Blackout. The sound of footsteps coming up a staircase, then across a room. From behind, MELINDA opens the wardrobe door, steps inside, and closes the door behind her. She nestles into a coat. More footsteps follow, again up a staircase and across the room. ANDREW opens the door.
MELINDA
You found me—oh.
ANDREW
Sorry. I can go somewhere else.
MELINDA
No, there’s plenty of room. See?
ANDREW
You don’t mind?
MELINDA
Please.
ANDREW
All right.
He steps into the wardrobe and closes the door.

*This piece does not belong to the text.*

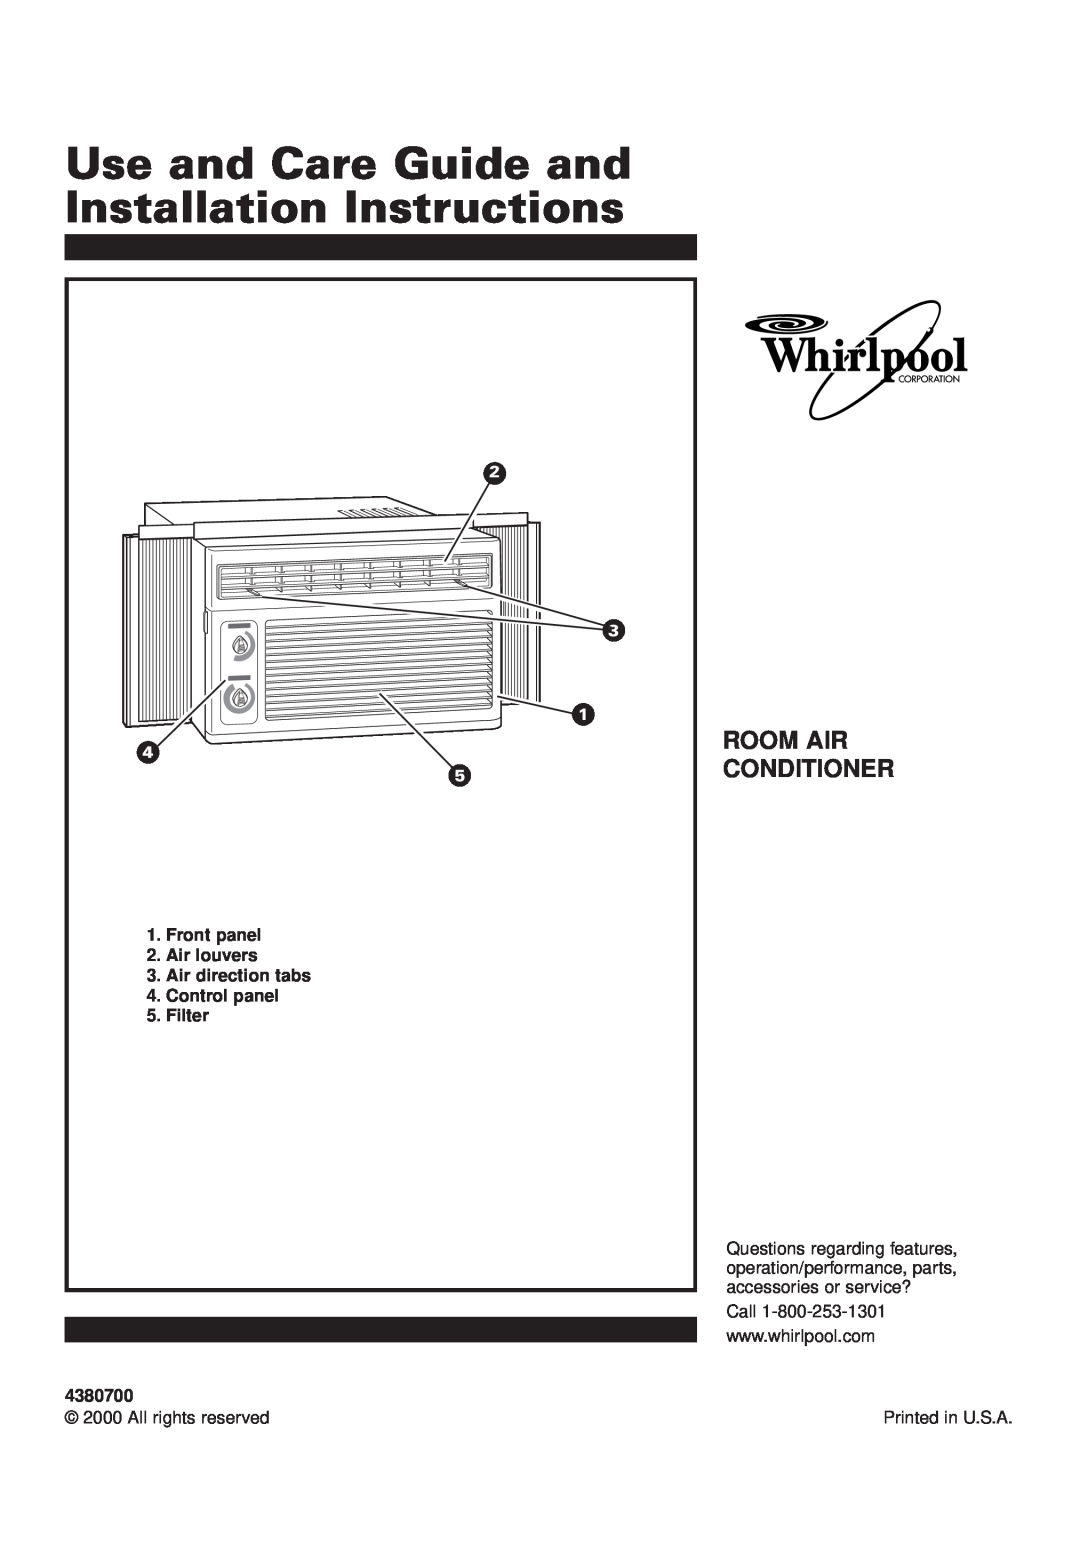 Whirlpool ACD052PK0 installation instructions Use and Care Guide and Installation Instructions, Room Air Conditioner

Darkness.
MELINDA
Maybe you could...
ANDREW
(opening door) Of course. (He settles back from doorway.) We’ll close it when we hear someone coming up.
MELINDA
Right.
ANDREW
Those stairs have always been creaky. Or at least they were 25 years ago.
MELINDA
Did you grow up with Jim?
ANDREW
Practically. I’m Andrew Parker, the Prodigal cousin. Just came back for the party, for Jim, you know.
MELINDA
(offering her hand) Melinda Murphy. I live next door.
ANDREW
Cool. So what brought you to the wardrobe?
MELINDA
You’re going to think I’m silly.
ANDREW
Come on.
MELINDA
It’s stupid.
ANDREW
Wait until you hear my reason.
MELINDA
Fair enough. I was watering plants for Jim while he was in St. Anne's. Had to come up here for that poofy ficus, and the moment I laid eyes on this wardrobe I wanted to climb in and see if I ended up in Narnia. Told you it was stupid.
ANDREW
No, I'm laughing because I thought the same thing when I first saw it. When we’d play hide and seek as kids, Jim would always find me first because I’d hide in here.
MELINDA
Every time?
ANDREW
Every last time. I was sure that one day the portal would be open and—
MELINDA
And then Turkish Delight.
ANDREW
It’s such a great story. My kids and I read it every year.
MELINDA
How old are they?
ANDREW
Eleven, twelve, some might be a year older or younger.
MELINDA
You don’t know how old your kids are?
ANDREW
Not my kids. I don’t have any, far from it. I teach fifth grade.
MELINDA
Oh.
ANDREW
But that doesn’t mean I’m gay.
MELINDA looks confused.
ANDREW
For some reason, people hear “male elementary school teacher” and think “gay.”
MELINDA
I can’t imagine why.
Slow footsteps on the staircase, continuing through the next lines.
ANDREW
Do you mind stepping back a little? I want Jim to find me first.
MELINDA
For old time’s sake.
ANDREW
Exactly.
ANDREW centers himself in the doorway, closes the door. Footsteps across the room.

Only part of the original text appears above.